Thanks McG. For some reason, it shows aligned perfectly for me, but good to have the text anyway. We'll find a connection here yet!


----------



## McG (5 Aug 2004)

Seems that it works for me now too.   ???


----------



## McG (5 Aug 2004)

Okay, I found a good example.  I've found a post that the spell checker will apply word-shift to every CF acronym.



			
				McG said:
			
		

> With the stand-down of Pioneer Platoons already started, will the Army be capable of providing sufficient Engineering support on operations?
> 
> To create a perspective on the issue, consider that a Pnr Pl was structured the same as a Fd Engr Tp and employed the same equipment.  Each Bde had 3 x Pnr Pl; the equivalent of a Fd Engr Sqn.  Each CER has two under-strength Fd Engr Sqns.  That means there is an effective reduction by 1/3 of the Field Engineering capability within each Bde.
> 
> ...


----------



## Mike Bobbitt (9 Aug 2004)

Ok, the software has been updated. Let me know if you see any new spell checker problems.


Thanks


----------



## Yard Ape (18 Aug 2004)

Mike Bobbitt said:
			
		

> Ok, the software has been updated. Let me know if you see any new spell checker problems.

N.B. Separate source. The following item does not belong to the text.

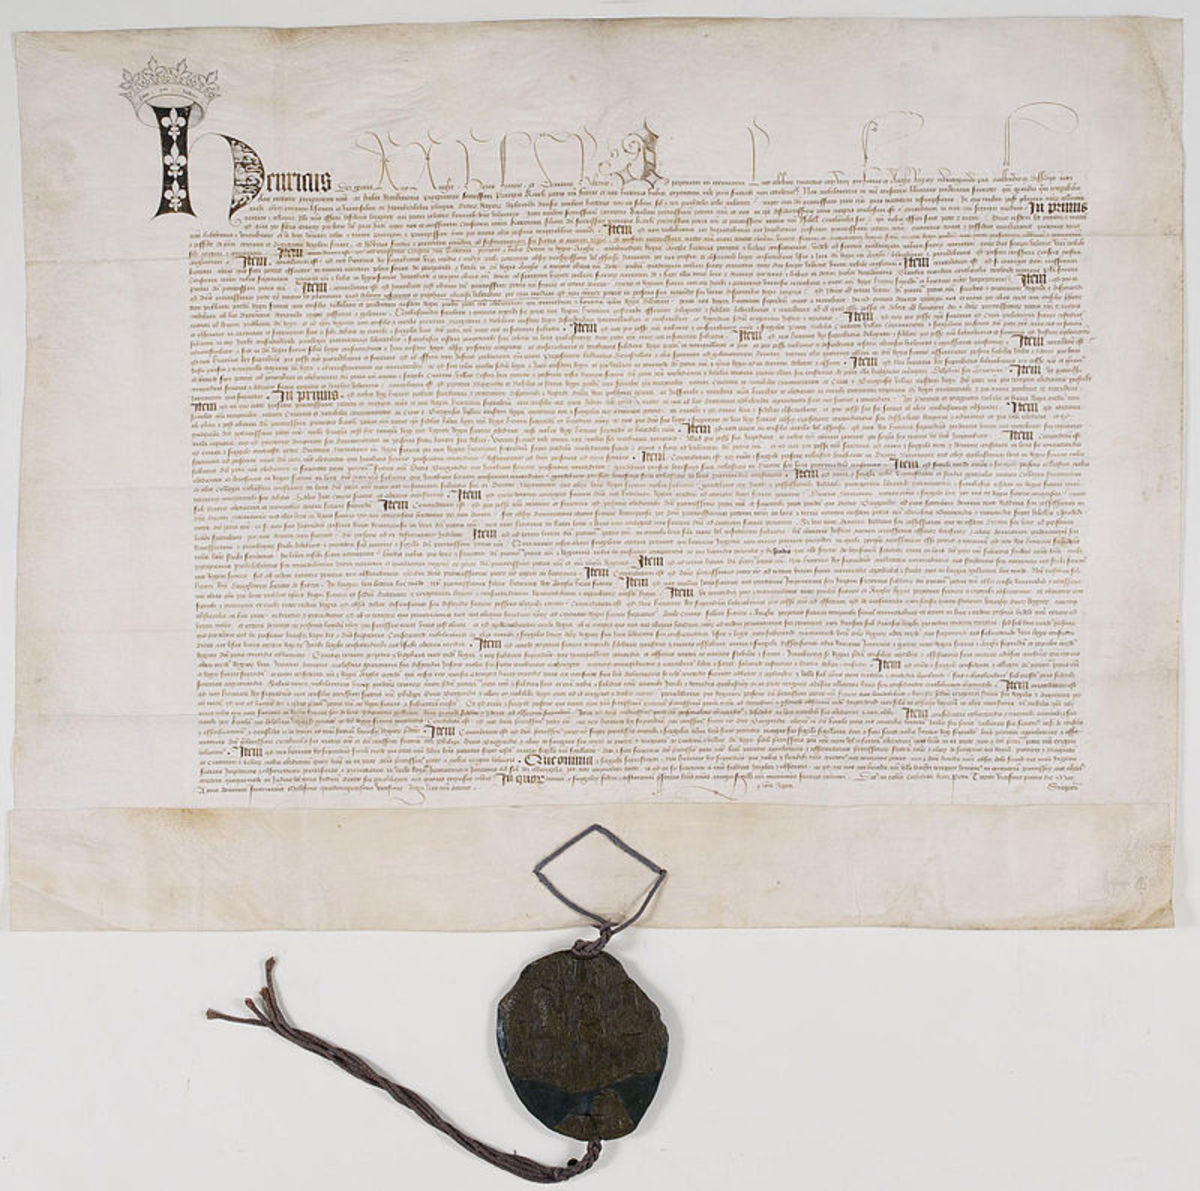 The ratified 1520 Treaty of Troyes.

New look, but it just did the same old thing to me.  I forgot to save my text though.  (For that, I'll fall on my sword later)


----------



## George Wallace (10 Feb 2005)

2005 02 10

I notice that SPELL CHECK is doing some funny things this evening with numerous posts by different people.


GW


----------



## big bad john (10 Feb 2005)

I had the same problem tonight earlier.  I thought that it was my error.


----------



## Infanteer (10 Feb 2005)

For some reason, the spell checker sporadically corrects words, but puts the corrections a few spaces up - almost as if one had hit the insert button and typed it in.  It has been a problem for some time now but appears hard to nail down because it is sporadic.

Infanteer


----------



## big bad john (10 Feb 2005)

Thank you for checking on it.


----------



## big bad john (26 Feb 2005)

Used the spell check and recieved following message: An Error Has Occurred! 
strpos(): Offset not contained in string.


----------



## Mike Bobbitt (26 Feb 2005)

Very odd! I haven't seen that one yet... What were you posting when you saw the error?


----------



## big bad john (26 Feb 2005)

Modifying and then spell checking.  It happened twice.


----------



## Mike Bobbitt (26 Feb 2005)

I can't seem to reproduce it. What post were you editing?


----------



## big bad john (26 Feb 2005)

http://forums.army.ca/forums/threads/27189.new.html#new

Guinness ect..


----------



## Mike Bobbitt (26 Feb 2005)

Does it still do it for you? I can spell check your entries no problem...


----------



## Island Ryhno (26 Feb 2005)

That's a problem with your scripting (programming code string is corrupt) It's a Boolean (true, false error) I think, I'm a very amateur programmer and I have seen it before. Maybe some other good computer types can help! BTW  the spell check doesn't always work for me!


----------



## big bad john (26 Feb 2005)

When I tried for the third time it did not reoccur.  I just thought that you should know.


----------



## Infanteer (25 Mar 2005)

Mike, I think I've found the problem with the spell-checker error.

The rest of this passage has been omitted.